December 17, 2016 6:56 am JST

China makes curbing property bubble a priority for 2017

Communist Party leaders shoot for stability ahead of staff shake-up

ISSAKU HARADA, Nikkei staff writer

A suburb of Chongqing, one of the cities swept up in China's urban property bubble

BEIJING -- China will make deflating the country's growing property bubble a top priority in 2017 along with fiscal stimulus, aiming to keep the economy on an even keel as Communist Party leadership prepares for a twice-a-decade changeover.

President Xi Jinping and other top cadres gathered for three days here through Friday for the annual Central Economic Work Conference, reflecting on progress in 2016 and charting the course for next year, the second year of the Xi administration's first five-year plan. China's consumption and production have been fairly robust since autumn. But real estate prices in major cities continue to climb, creating a need for policy that can underpin growth while also keeping the bubble in check.

The party's National Congress, held once every five years, will take place next autumn. Leaders having hit retirement age will make way for younger blood -- a chance for party factions to put their preferred people in charge. Xi and his followers are doing all they can to avoid an economic slump until then.

Stronger hand

Bolder fiscal policy is on the way next year, according to a statement by conference attendees. China slashed corporate taxes and embarked on major infrastructure projects in 2016 to offset a slowdown in private investment.

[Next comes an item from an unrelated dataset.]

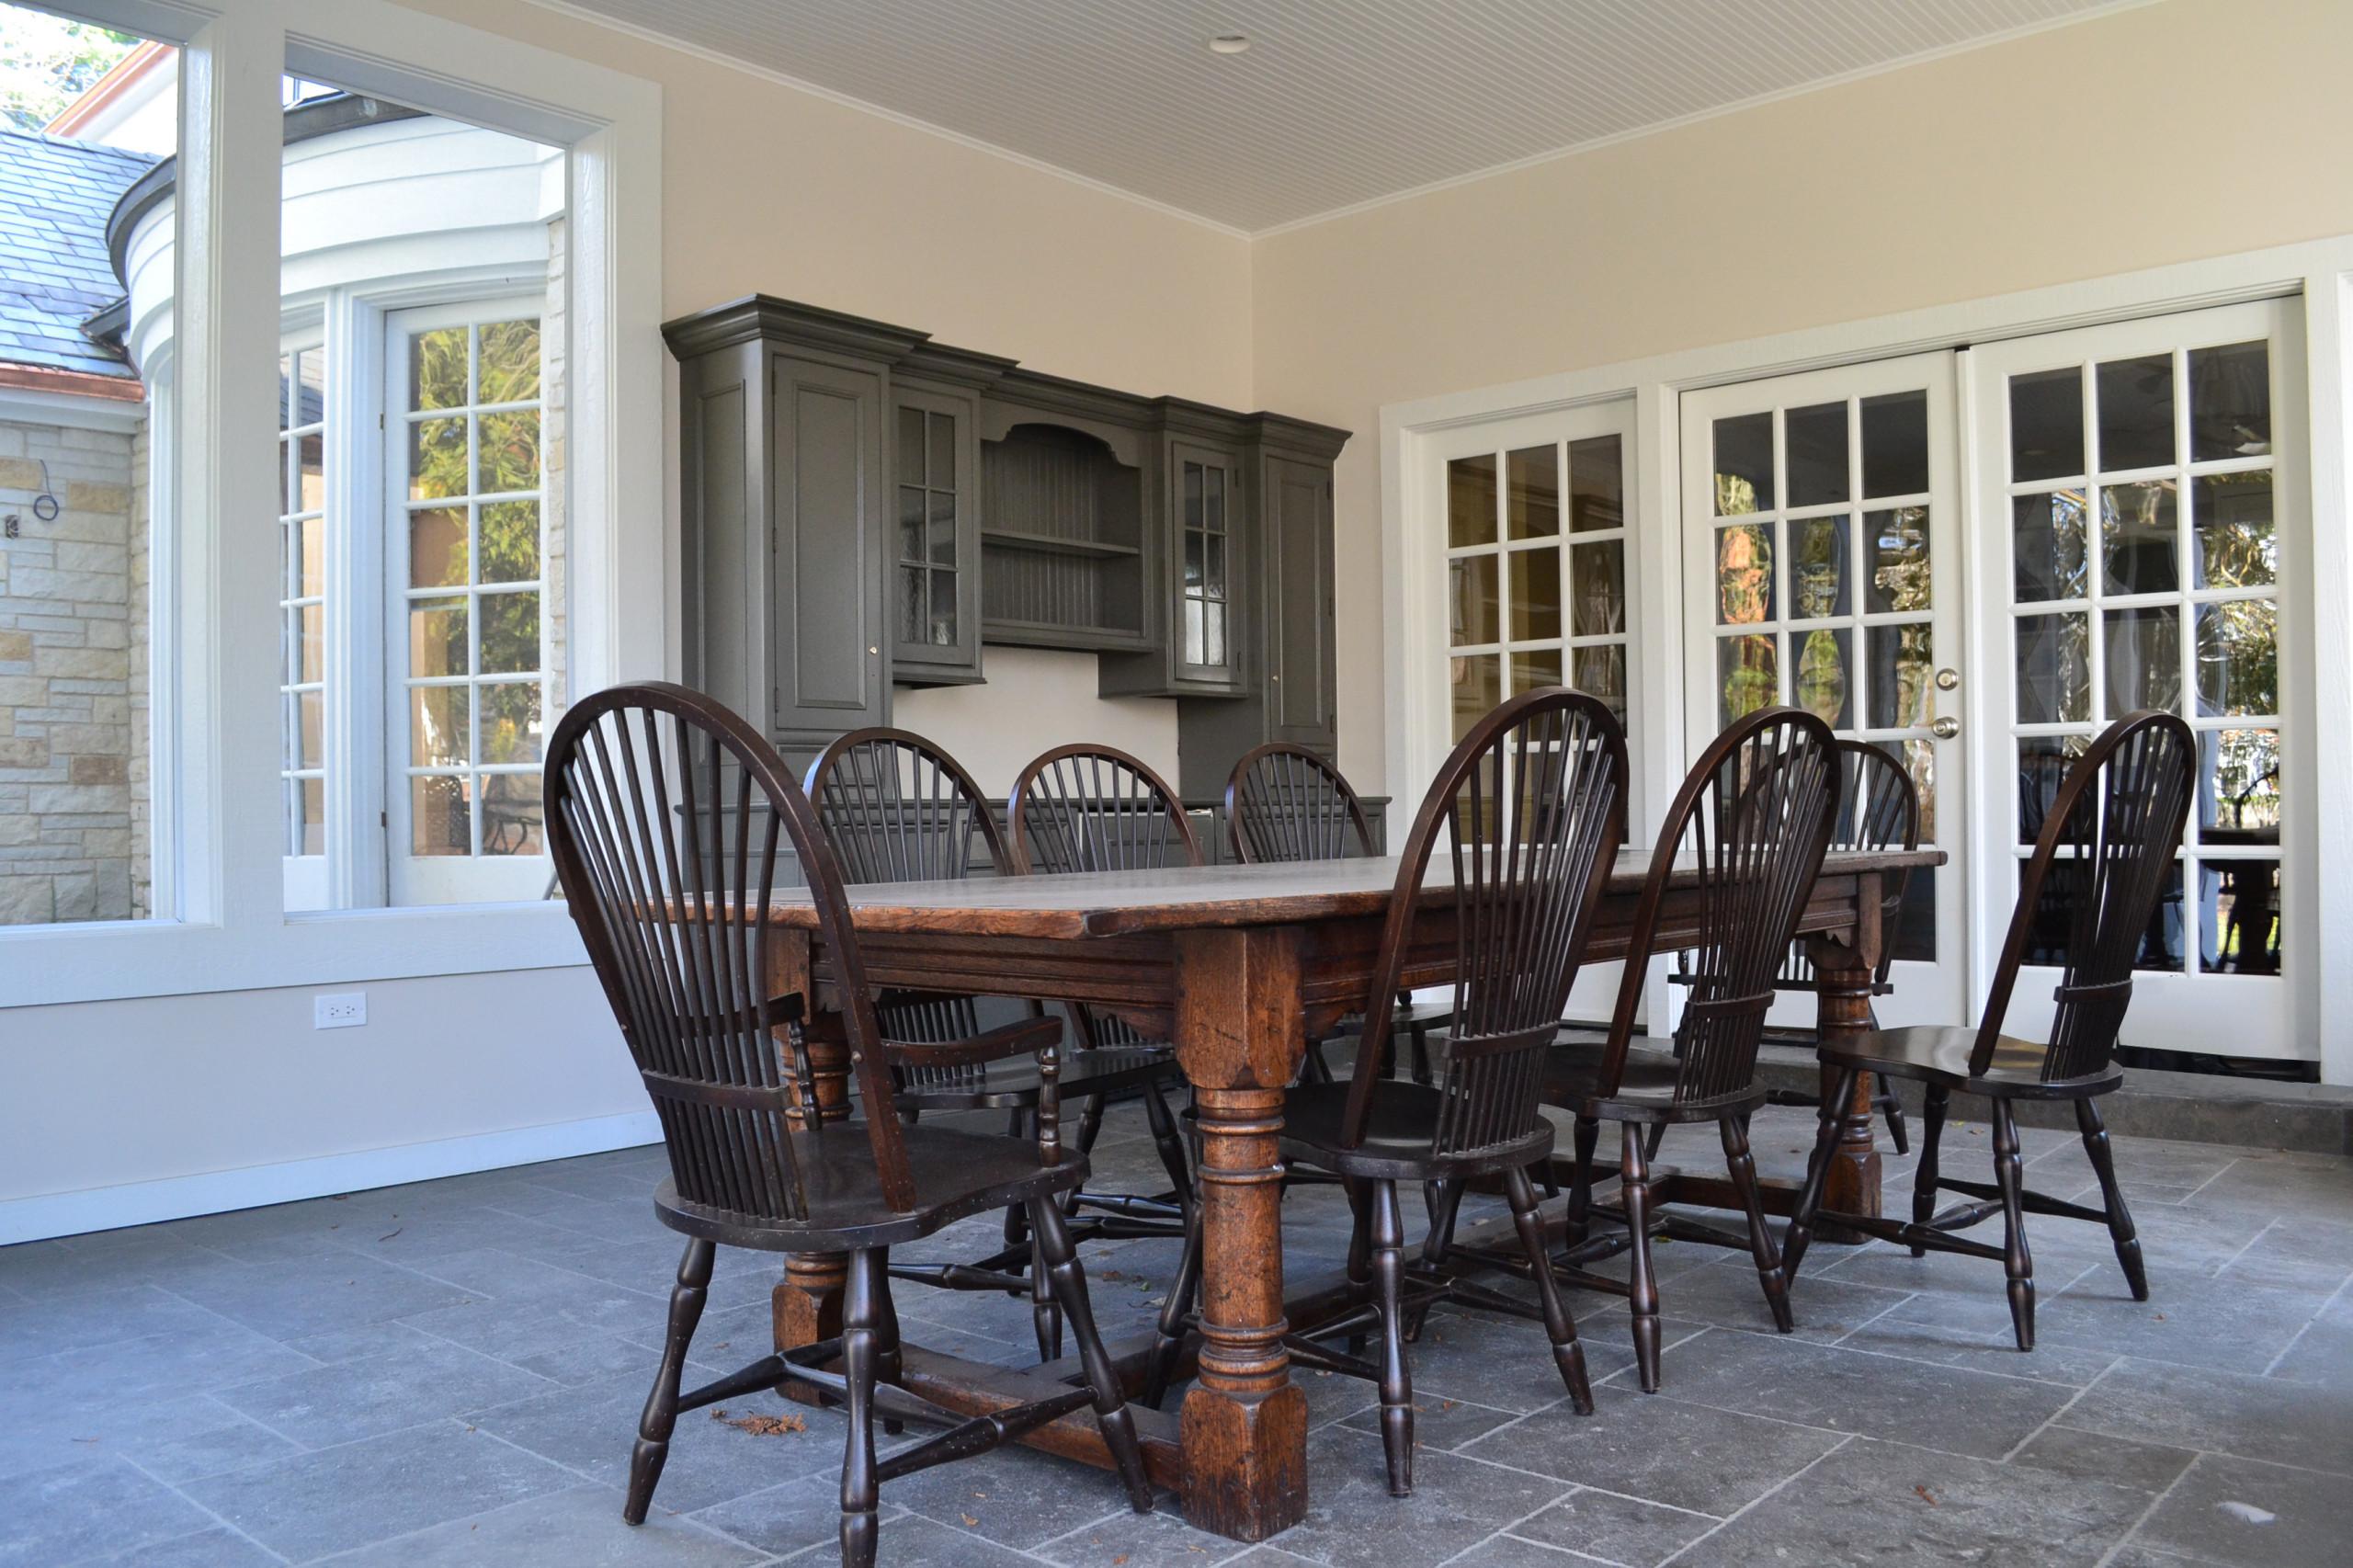 Three - season-room & Front entry porch

In 2017, infrastructure investment growth is likely to approach 25%, compared to 20% this year, according to Zhao Yang, chief China economist at Nomura Holdings. Meanwhile, the Ministry of Finance said Thursday that a tax break for small cars set to expire at the end of 2016 will be extended.

On the monetary side, party leaders target "prudent and neutral" policy in 2017, according to state news outlet Xinhua, rather than this year's merely "prudent" policy -- a sign that moderate tightening could be on the way. The People's Bank of China has used market operations since autumn to guide short-term interest rates higher and instructed commercial banks to slow the pace of new lending. This policy now has the party's official stamp of approval.

The shift aims in part to avoid a plunge in the value of the yuan associated with capital flight. China intends to both make foreign exchange trading more flexible and stabilize its currency at a rational, balanced level, according to the statement.

Bursting bubbles

The other goal is to steer clear of the financial turmoil a rupture in the real estate bubble could cause. Curbing financial risk will take on a more central role in policy than before, the statement said. The country is also to take strong steps to restrain an asset bubble, enhance financial oversight and avoid creating instability in the financial system.

Real estate was a much hotter topic this year than last. Houses were referred to as places to live, not objects to speculate on. Measures to keep prices from plunging, as well as from overheating, are to be looked into. The likely goal is to have owners rent properties, rather than flip them for a profit. Governments in cities with sky-high prices are also encouraged to provide more land for development and increase the share used for residential purposes.

The target for China's economic growth in 2017 -- and how it will compare to 2016's 6.5% to 7% -- went unmentioned. But Xi has said that 6.5% average annual growth is the absolute minimum target for the five years from 2016 to 2020.

A host of structural reforms to combat oversupply in the steel and coal markets were introduced at last year's economic conference. The group took a softer stance this time around, content to keep cutting production capacity and pursuing ongoing reforms for businesses such as state enterprises. Structural reform, after all, entails lost jobs and other collateral damage -- a dangerous proposition when party leadership positions are on the line.